McCreesh family: ‘Raymond was not involved in the Kingsmill massacre’
The late IRA hunger striker was named as someone linked to a rifle used in the shootings
The bullet riddled minibus in South Armagh where 10 protestant workmen were shot dead by IRA terrorists. Photograph: PA Wire
The funeral of hunger striker Raymond McCreesh.
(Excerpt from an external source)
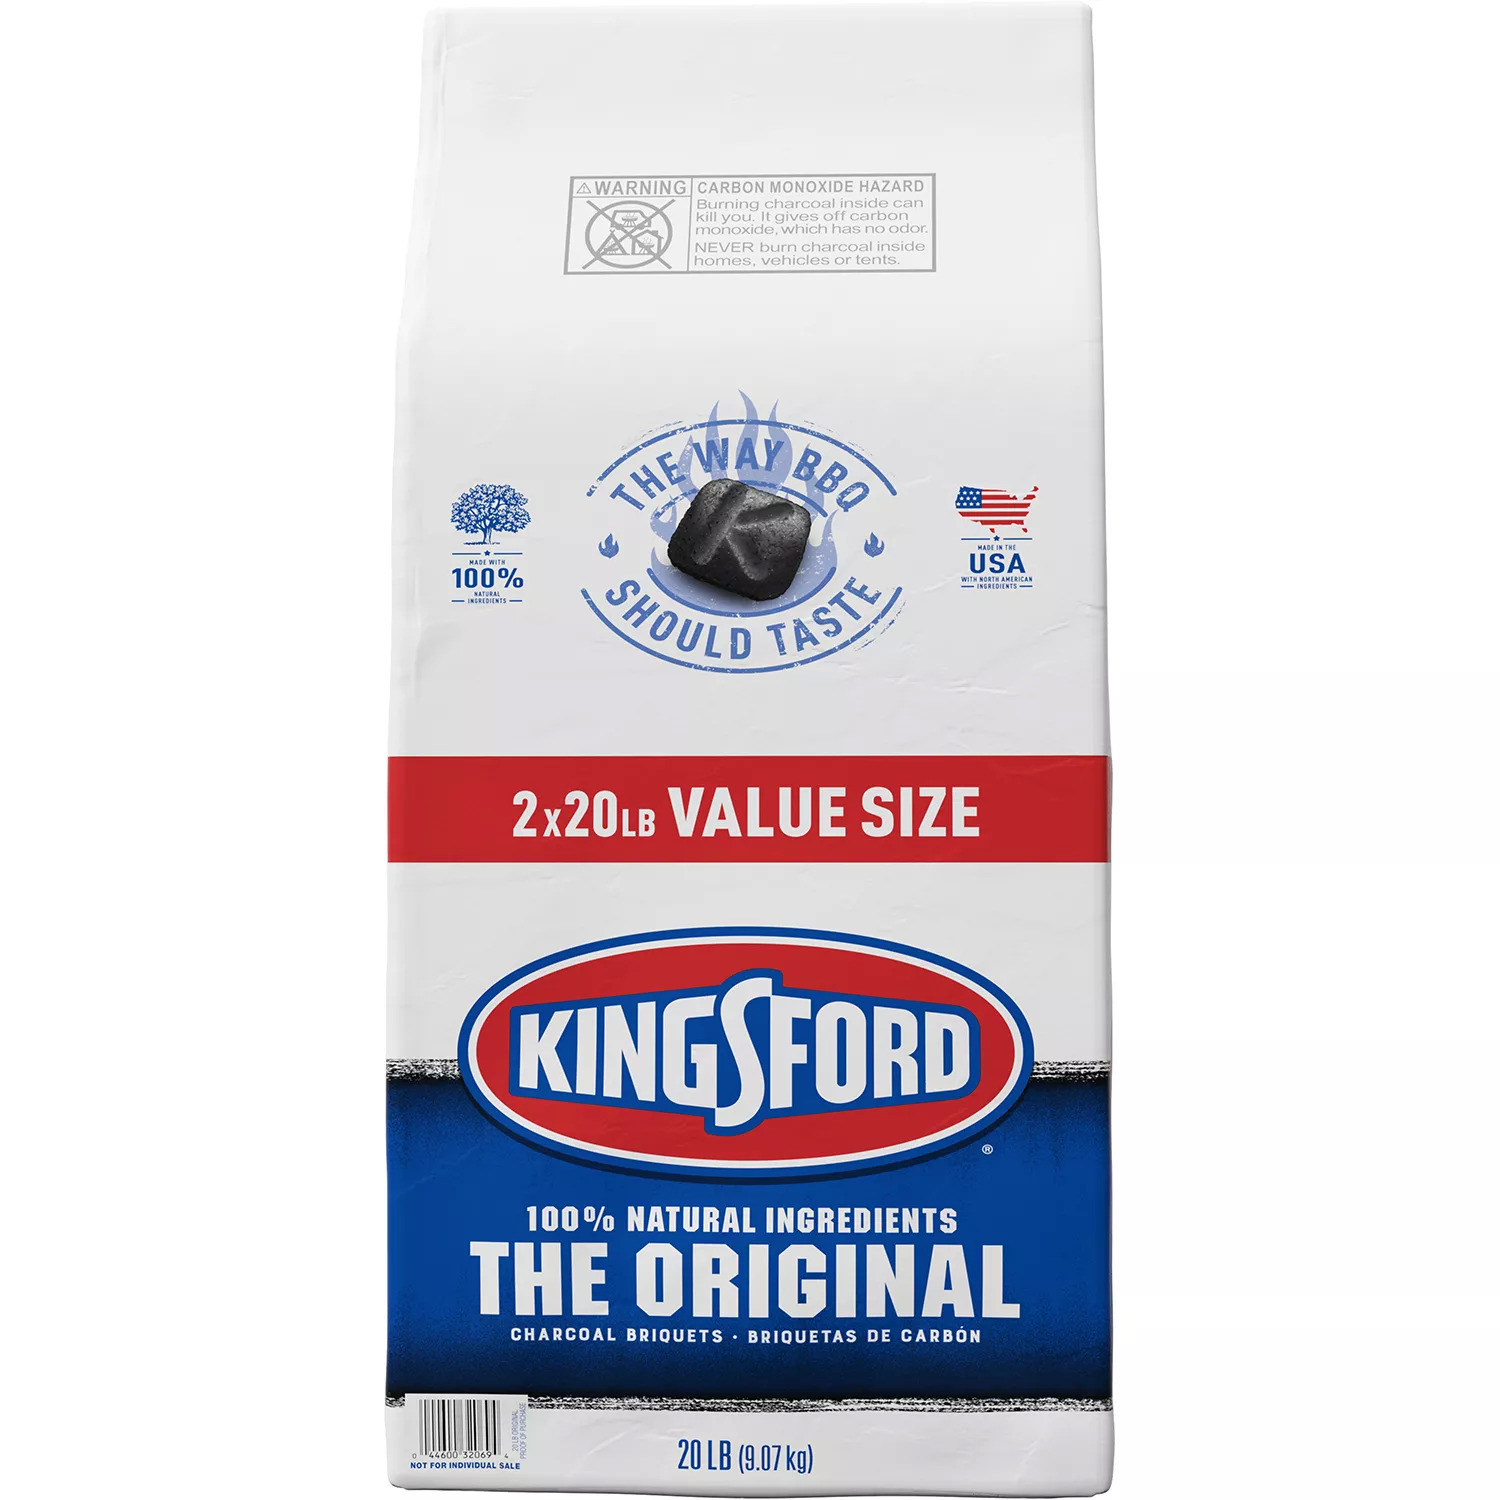 Kingsford Charcoal 2x20 Lb. bags for $20

Photograph: Pat Langan
The family of the late IRA hunger striker Raymond McCreesh have rejected suggestions he was involved in the 1976 Kingsmill massacre.
In 2011 the PSNI Historical Enquiries Team said the Provisional IRA was responsible for the “purely sectarian” and “calculated slaughter” of 10 Protestants on January 5th 1976.
McCreesh, a South Armagh IRA member, who died on hunger strike back in 1981, was named as someone linked to a rifle used in the shootings.
His name has been back in public focus following the fallout from Sinn Féin MP Barry McElduff’s controversial tweet on the anniversary of the murders which was interpreted as a insult to victims.
On Monday morning Mr McElduff announced his intention to resign as West Tyrone MP over the hurt his actions had caused to families of the victims and survivor Alan Black.
Also on Monday morning, a statement from the McCreesh family was issued - prior to the announcement from Mr McElduff that he was resigning over the tweet controversy - saying they did not wish to add to Kingsmill family pain and suffering but that “Raymond was not involved”.
“The family of the late Raymond McCreesh does not wish to add to the pain and suffering of the families of those who died in the Kingsmill massacre or to Alan Black who thankfully survived.
“The McCreesh family is painfully aware that there is no legislation to protect a person who is dead.
“Anyone can say anything they like about someone who is dead.
“The family has on many occasions refuted the accusation that Raymond was involved in the Kingsmill atrocity.
“The family repeats that the same evidence on which the present accusations are being made was available while Raymond was alive.
“The fact that the authorities never questioned, prosecuted or charged him in this connection speaks for itself.
“The McCreesh family knows that Raymond was not involved in the Kingsmill massacre.”